The Folly of Planning: Living Your Life in Weeks, Months or Years
I was set on the path of buying that home in France after a business lunch about four years ago. There was nothing remarkable or unusual about the lunch, the company or the circumstances – but after a conversation about travel, I realized in an instant that I no longer lived life with spontaneity or adventure. Rather, I lived a life of plans… long term plans stretching years into the future and centered on career, financial stability and one-week vacations. These are all worthy things but they aren’t the only things worth consideration when living a life.

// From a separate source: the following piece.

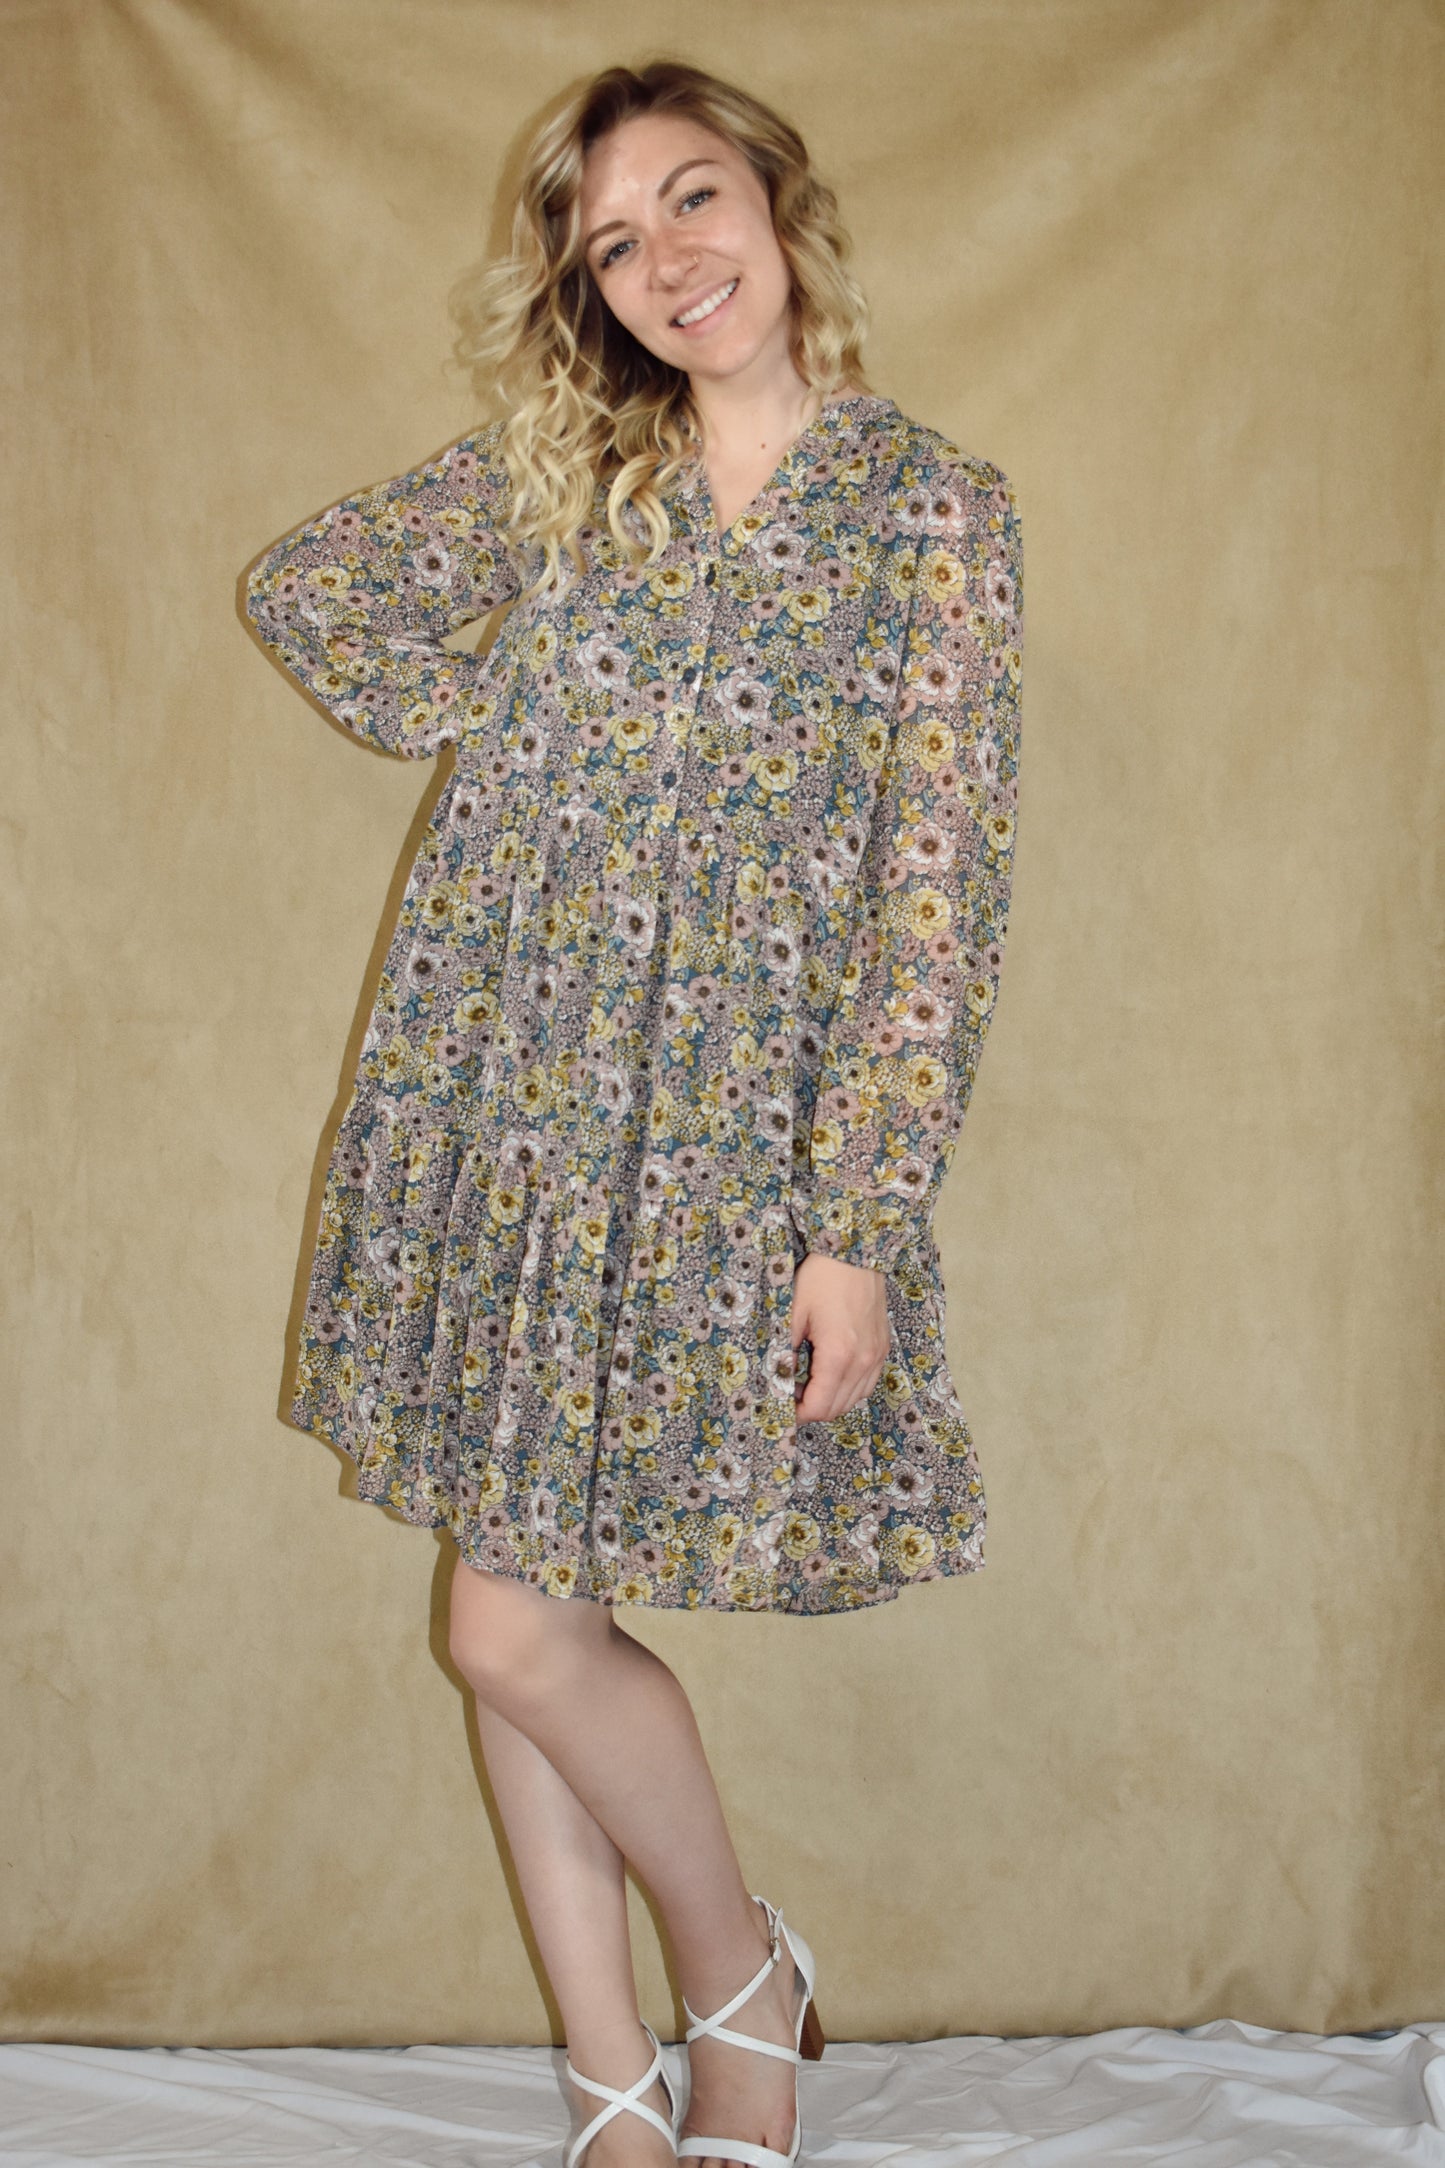 long sleeve mini dress loose fitted, vintage floral pattern, round neckline, slit front and placket with button front closure. ruffle tier skirt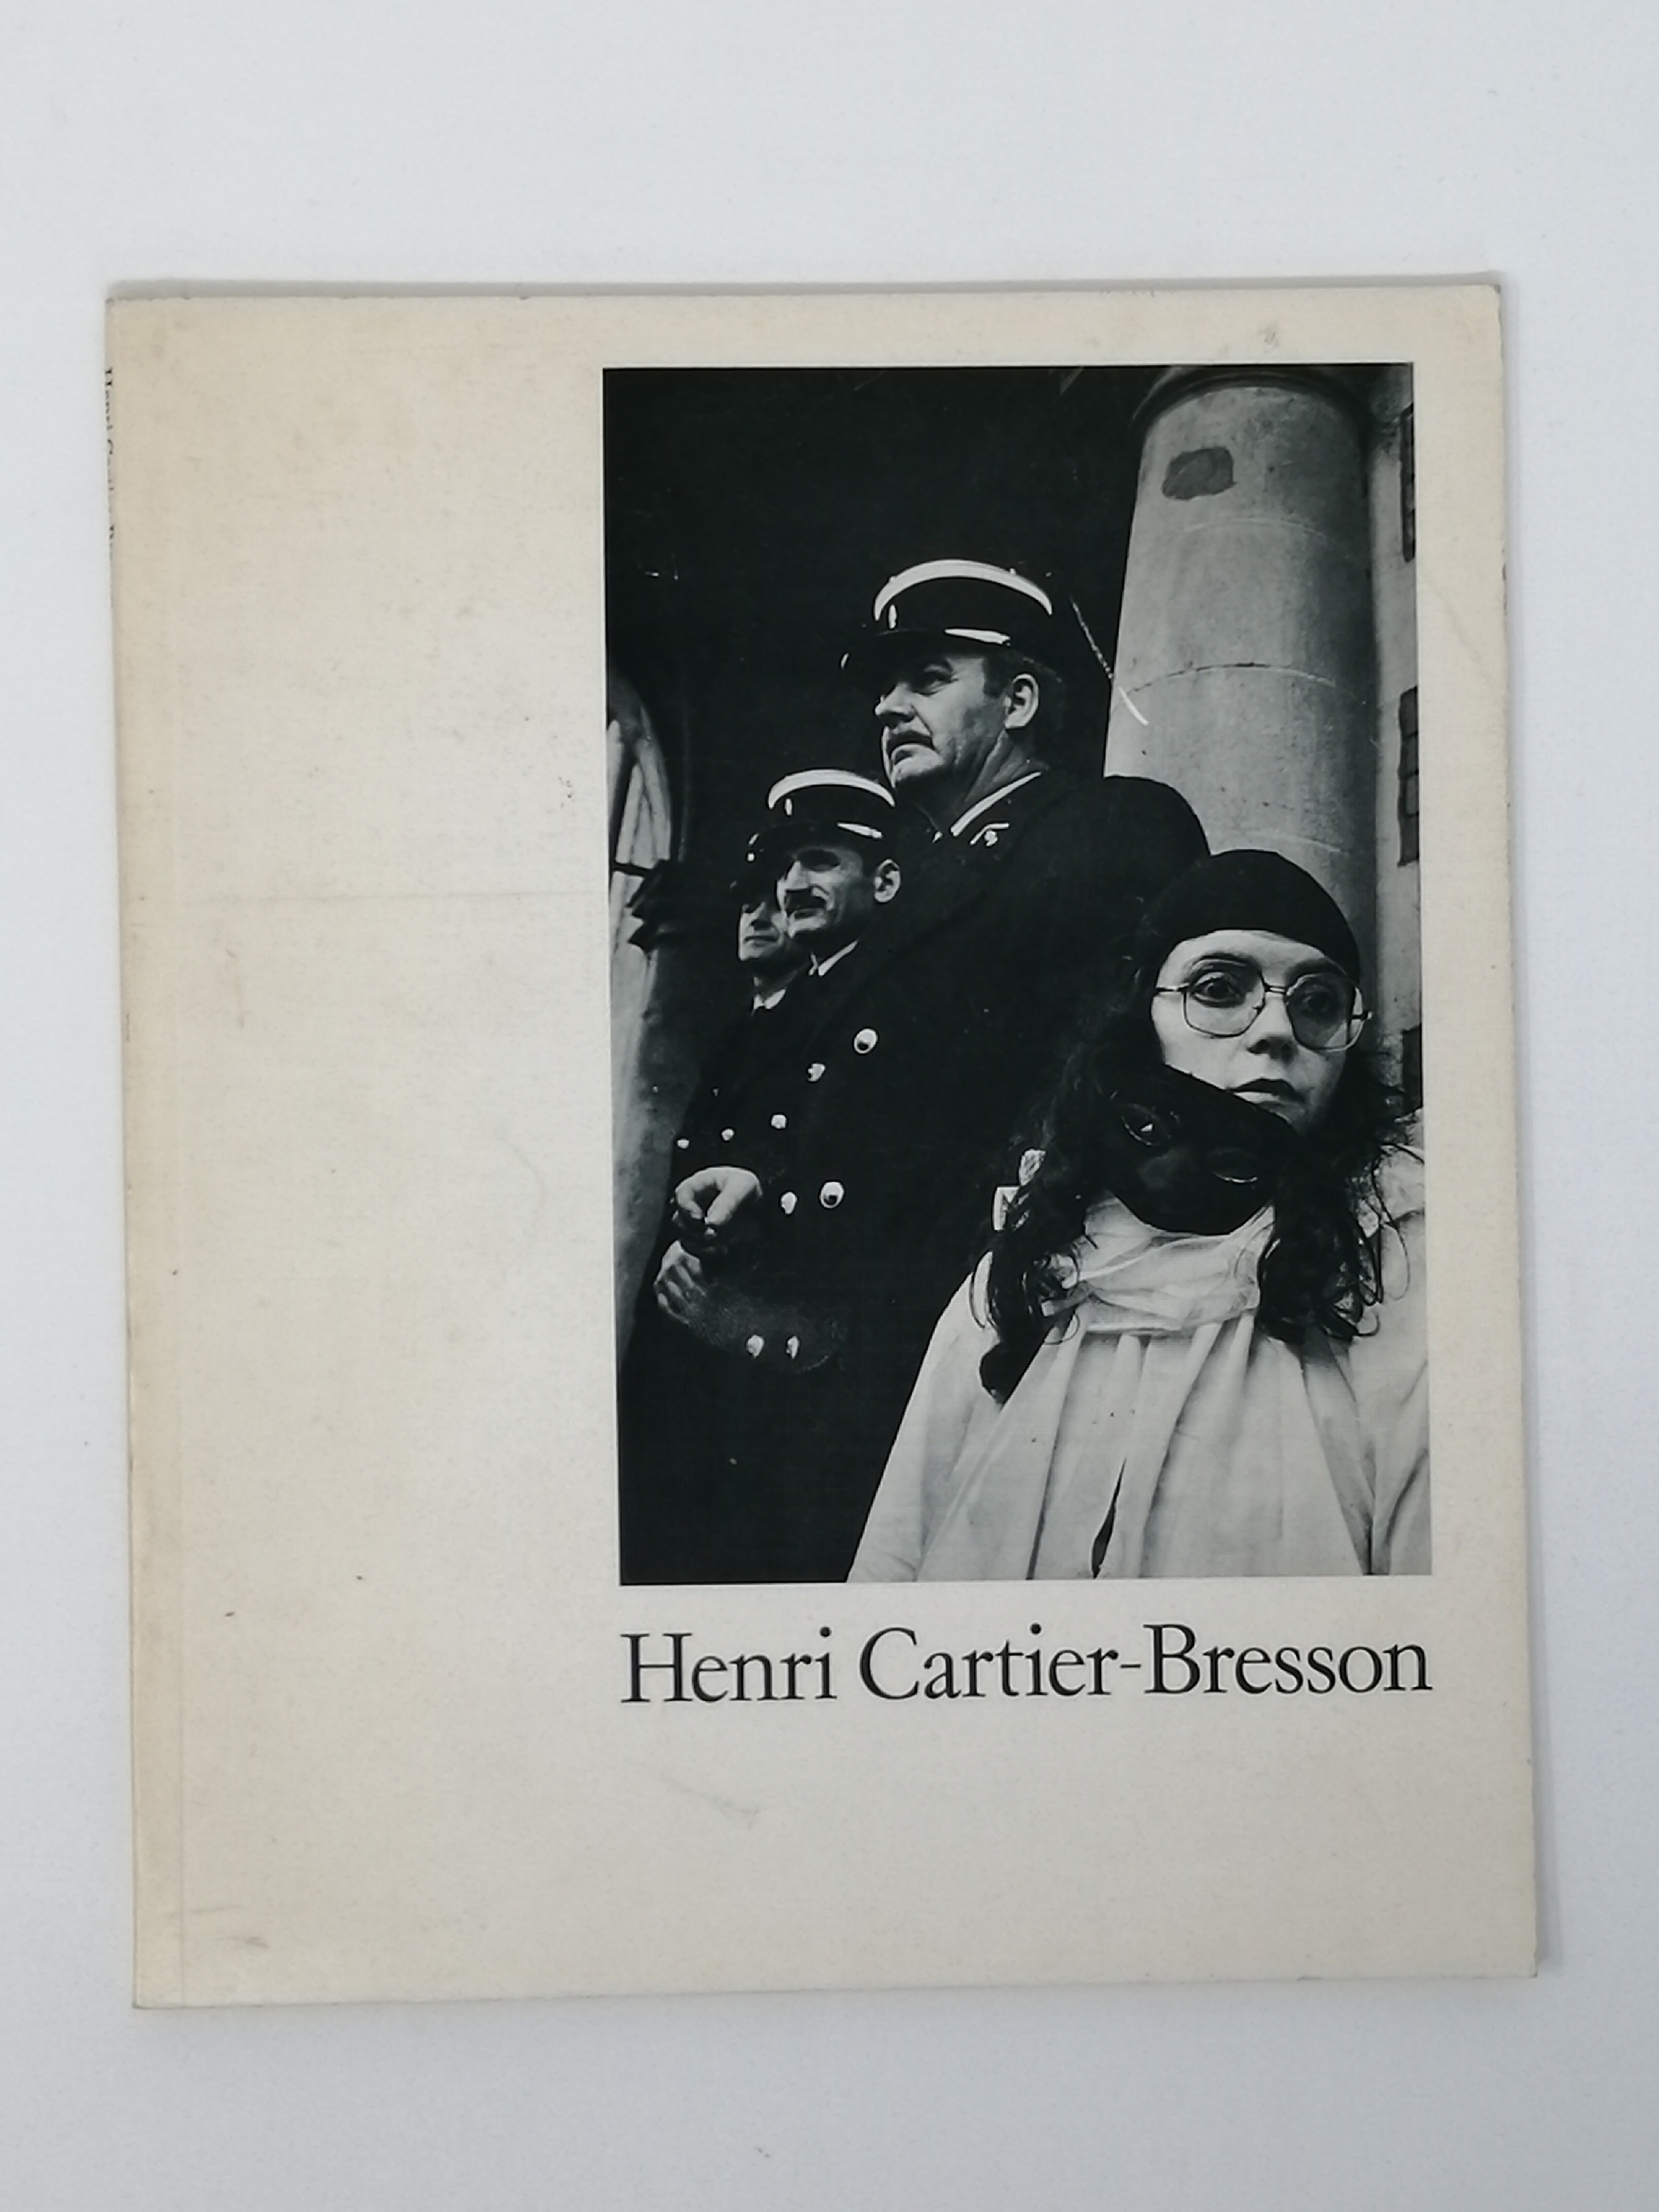 Henri Cartier-Bresson: His archive of 390 photographs from the Victoria and Albert Museum. - Ernst Gombrich. Henri Cartier-Bresson.

We get lost in our planning; thinking that we can control the future if we can just find the right method – be it the Atkins diet or Six Sigma. Of course this is folly. There are too many unknown unknowns that evade the best of plans. In that battle for the future we often lose the present, timeless joys that are almost always near at hand – a well-cooked meal, conversation with friends, a quiet, lazy afternoon with a book.
We also labor hard without really knowing why. Our work life increasingly consumes our attention and, like ants working on a project whose outer precincts we cannot conceive, we toil for some obscure institutional good that isn’t personally gratifying and that takes us away from the immediacy of life.
So with that jolt that only a death seems to initiate, I am recommitting to planning my life in months – not years; and to finding the good things near-at-hand.